Fixed time tasks are often the problem, not the solution

One of the lessons that United Airlines learned in the 1960s was that failure rates that increase with age are unusual: their experience was that only about 11% of failure modes followed this age-related pattern. If these statistics are typical, then fixed interval, time-based overhauls and repairs are the wrong solution for nearly nine out of every ten failure modes.

Here is the central problem. If failure rates do not increase with age, then traditional maintenance planning has no effective way of managing a large proportion of equipment failure modes. Designers, planners and maintainers had been misled for decades by the conviction that doing more maintenance, or doing it more often, was the solution to reliability issues.

Applying a hard-time maintenance policy to these failures doesn’t just waste time and effort: it takes away resources from maintenance that really needs to be done. In addition, because most of the maintenance is ineffective, it demotivates operators and maintainers; and invasive, ineffective maintenance can be a significant cause of breakdowns in its own right.

Our salvation is that fixed-time overhaul and replacement are not the only possible ways to maintain equipment function. RCM recognises a number of possible failure management policies.

  • Condition monitoring
  • Fixed time overhaul and replacement
  • Failure-finding
  • No scheduled maintenance
  • Redesign

What RCM provides is a logical method for deciding what maintenance policy is right for every failure mode.

Condition-based maintenance

Condition-based maintenance tasks look for signs of impending failure and schedule further action only if a developing failure—a potential failure—is detected. Here are a few examples of simple condition-based tasks

  1. Monitor a bearing’s vibration and replace it only if it exceeds a set limit
  2. Monitor the composition of gearbox oil, and change it (and possibly the gearbox components) if the metal particle content exceeds an acceptable limit
  3. Check a valve gland for signs of leakage and tighten or replace it if necessary
  4. Use ultrasound to check a pressure vessel for cracks and repair or replace it if necessary

Condition-based tasks are versatile: an applicable task can be applied to failures with any pattern of failure. There is no need to know what the pattern of failure is, or to do controlled tests to find out a component’s life. As long as there is a definite, identifiable potential failure condition with a usable interval before failure, condition-based maintenance will work.
Time-based overhaul and replacement
These are sometimes called “hard time” tasks because they are carried out at fixed intervals, regardless of the equipment’s condition when maintenance is carried out. Hard time tasks can be justified if there is a sharp and predictable upturn in the chance of failure, but it still doesn’t mean that they are the best options. Condition-based maintenance can still be more effective than a hard time task for these reasons.
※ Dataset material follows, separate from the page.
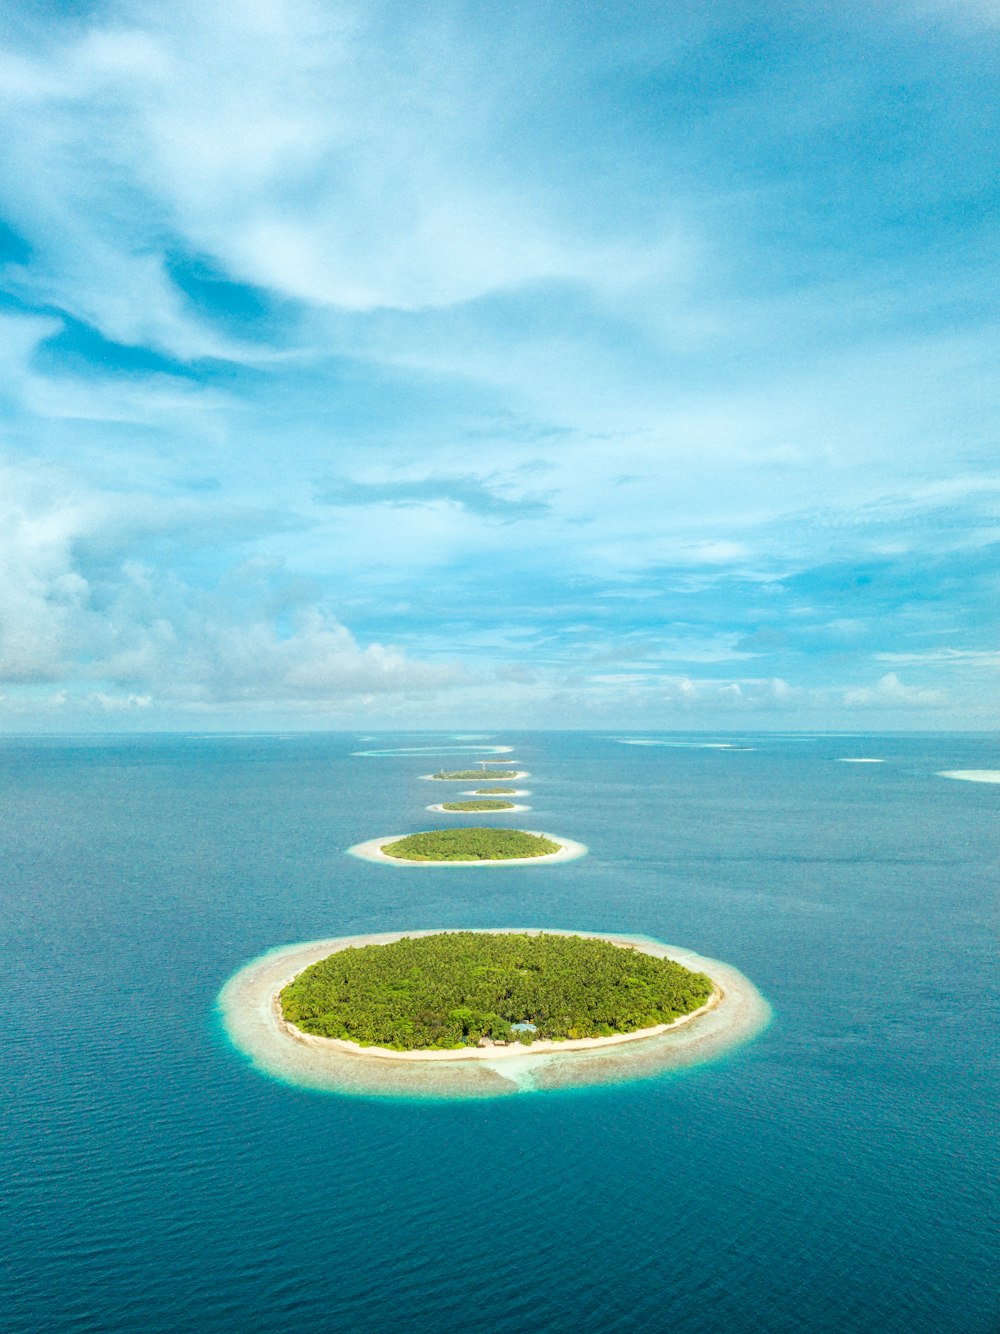 Photographie aérienne d’îlots verts

  1. If there is any chance of failure before the overhaul or replacement is due, an in-service failure will occur with hard time maintenance, but a condition-based task should detect the initial deterioration and prevent the failure from happening.
  2. The hard time task interval is determined by the point at which the chance of failure starts to increase, but it is rare for every failure to occur at the same time; in reality there is a wide spread of failure times. If a part is replaced before it reaches its minimum expected life, then we throw away functional parts that could function for longer. In contrast, condition-based maintenance uses the maximum possible life of each part because parts are replaced when they are known to be failing.

Failure-Finding

Failure-finding is a scheduled, regular check of a protective system such as an alarm or trip to find out whether it is working. This is different from condition-based maintenance, which replaces parts when they show signs of incipient failure. Failure-finding is used to detect failures that have already occurred, and therefore it is only applicable to one type of failure: that of protective devices and other systems that are not normally operational.

No scheduled maintenance

“No scheduled maintenance” is exactly what it says: do nothing at all to prevent failure, and clear up the mess if the failure occurs. In an RCM schedule, “no scheduled maintenance” doesn’t happen because someone forgot to include a maintenance task: it is a positive decision to do nothing.

Doing nothing is exactly the right response if the failure has no safety or environmental consequences and if there is no task that deals with the consequences of failure, or if the cost of doing the task is greater than the benefit of preventing the failure. RCM ensures that the decision to do nothing is based on hard evidence, and that the decision can be reviewed if circumstances change.

Redesign

Perhaps it seems strange that redesign is part of Reliability-centred Maintenance. It is a key part of the risk management process because sometimes maintenance alone cannot deliver the required equipment performance and availability. The only other alternative, No Scheduled Maintenance (doing nothing) is unacceptable if the failure has safety or environmental consequences, or if allowing it to happen would cause severe downtime.

In RCM terms, “Redesign” covers a wide range of one-off changes, including

  • Changing the equipment, perhaps by adding a protective device or redundancy
  • Changing the way that the equipment is operated
  • Improving operator or maintainer training
  • Adding features that would make maintenance feasible or more economical

The advantage of using RCM is that it attempts to use maintenance to deliver the required reliability before resorting to redesign. Since maintenance is usually the more economical option, the resources needed for redesign are directed at the failures where no other option is available.